1987: 174), in Hausa the sounds /kw, gw, ‘kw/ – all requiring rounding of the lips

– have been said to be associated with round objects (Gouffé 1966), and in Japanese the syllable /ra/ is found in the names of monsters of great size (Beatty 1994). Swadesh (1972: 141) pointed out that in many languages a high front vowel like [i] tends to be used to express nearness whereas non-front or back vowels like [a] and [u] tend to be used for distance. Brent Berlin, who studied the phenomenon of non-arbitrariness of names for plants and animals in many languages, found that in Huambisa Jivaro names for birds tend to have high front vowels much more often than names for fish. Berlin also tested an earlier hypothesis by Yakov Malkiel about the tendency to have the sound [r] in names for “frog” in Indo-European languages and found that [r] and the phonetically closely related [l] are also the most common sounds for names of frogs and toads in thirty-three non-Indo-European languages (Berlin 1992: 250). Hays (1994) reanalyzed the data, adding a wider spectrum of languages and found that there is support for Berlin’s hypothesis, but there is even stronger evidence for /g/ and related sounds (e.g. /k/, [x], [ŋ]) in frog names in many languages around the world.

Although there is no general theory about why sound symbolism should occur, a variety of scholars agree that some languages (e.g. Korean, Japanese, Gbeya, Quechua) make abundant iconic use of sounds and that much more attention is due to these phenomena (see Hinton, Nichols, and Ohala 1994). Sound symbolism has been often associated with particular linguistic families. Thus, Bantu languages are well known for their ideophones at least since Doke (1935) introduced the term to refer to a vast range of onomatopoeic words that do not fit within other known grammatical categories.29 More recently, ethnomusicologists like Steven Feld (1982) and sociocultural anthropologists like Ellen Basso (1985) have studied sound symbolism in the context of live verbal and musical performance. By studying sound symbolism in Pastaza Quechua narratives, instead of looking at isolated words, Nuckolls (1992, 1995) has been able to argue that sound symbolic words should not be studied only as iconic signs, given that they also share features of other kinds of signs such as symbols and indexes (see below).

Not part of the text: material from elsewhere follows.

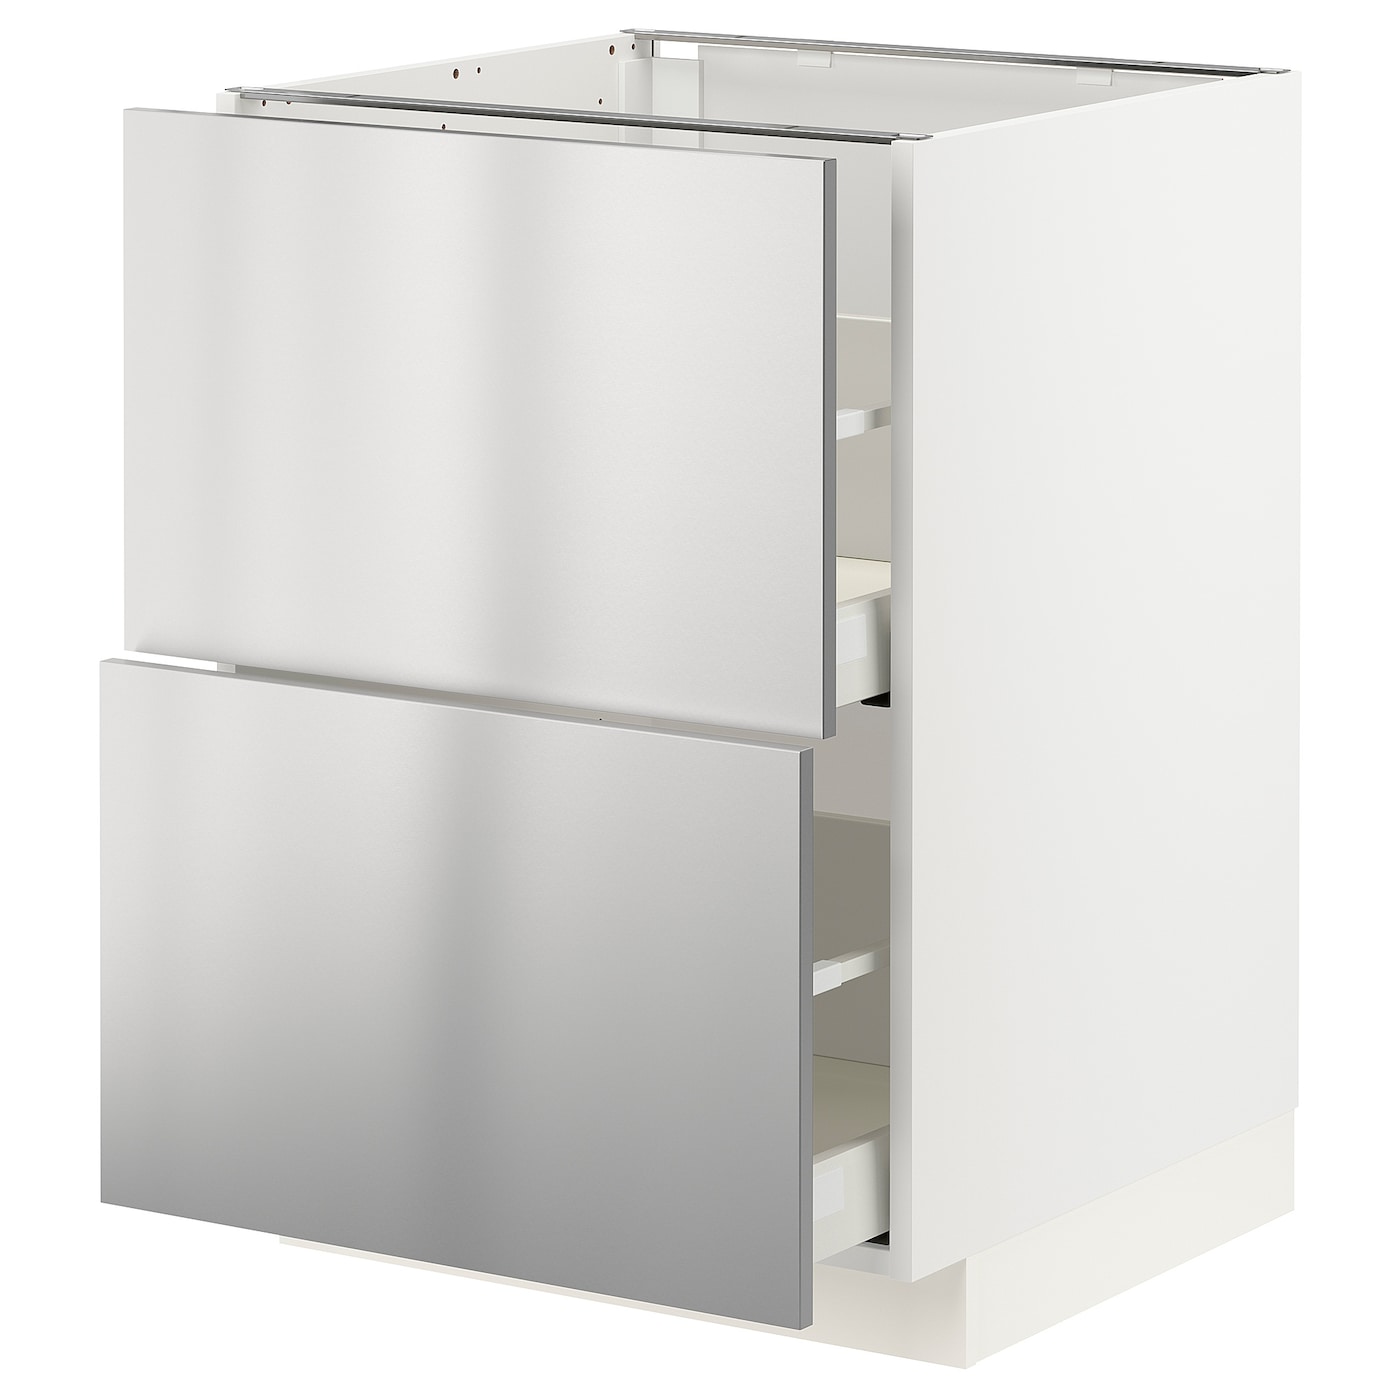 Напольный кухонный шкаф  - IKEA METOD MAXIMERA, 88x61,6x60см, белый/светло-серый, МЕТОД МАКСИМЕРА ИКЕА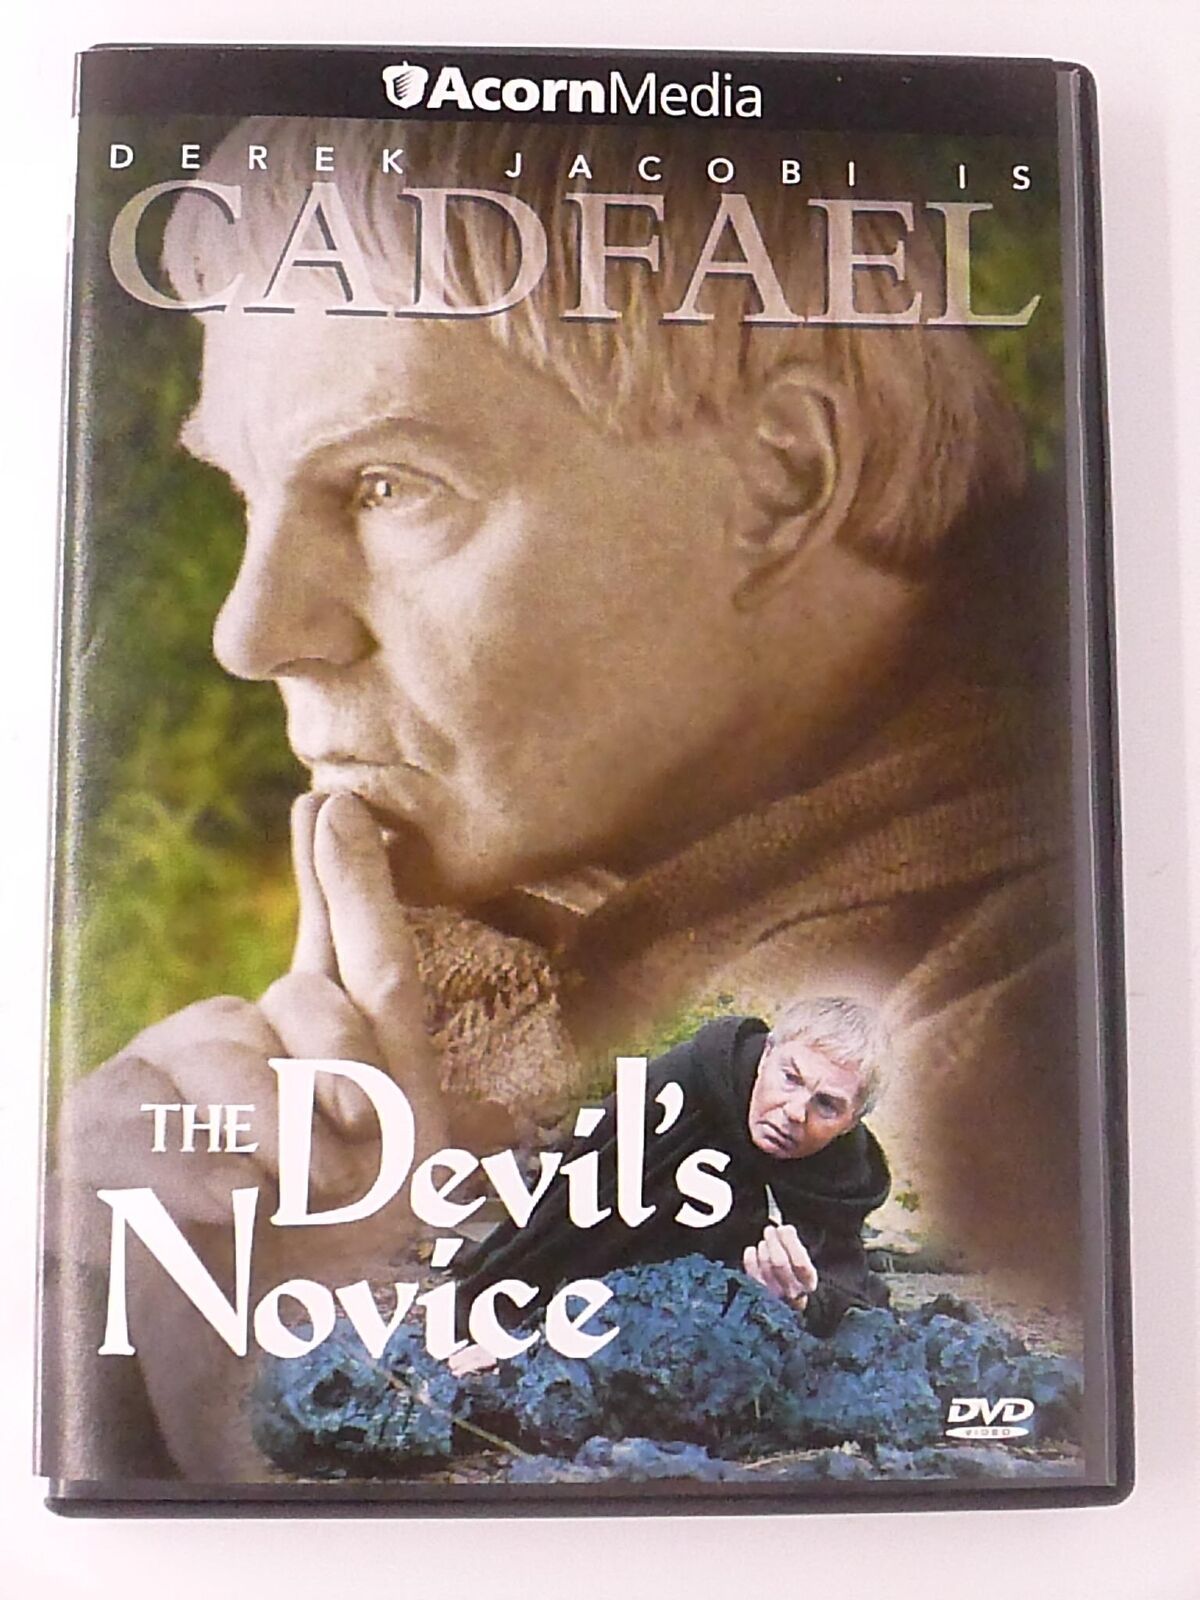 Cadfael - The Devils Novice (DVD) - I1225

Peirce originally distinguished between different kinds of iconicity, including what Haiman (1980) calls “imagic” and “diagrammatic.” The examples mentioned so far are all imagic, given that the sign resembles the referent in some characteristic. Diagrammatic iconicity refers to an arrangement of signs “whose relationships to each other mirror the relationships of their referents” (Haiman 1980: 515). A classic example of this is the sequence of sentences in a narrative.

29See also Samarin (1967). On the issue of whether ideophones in Bantu and other African languages should be considered adverbs, see Moshi (1993).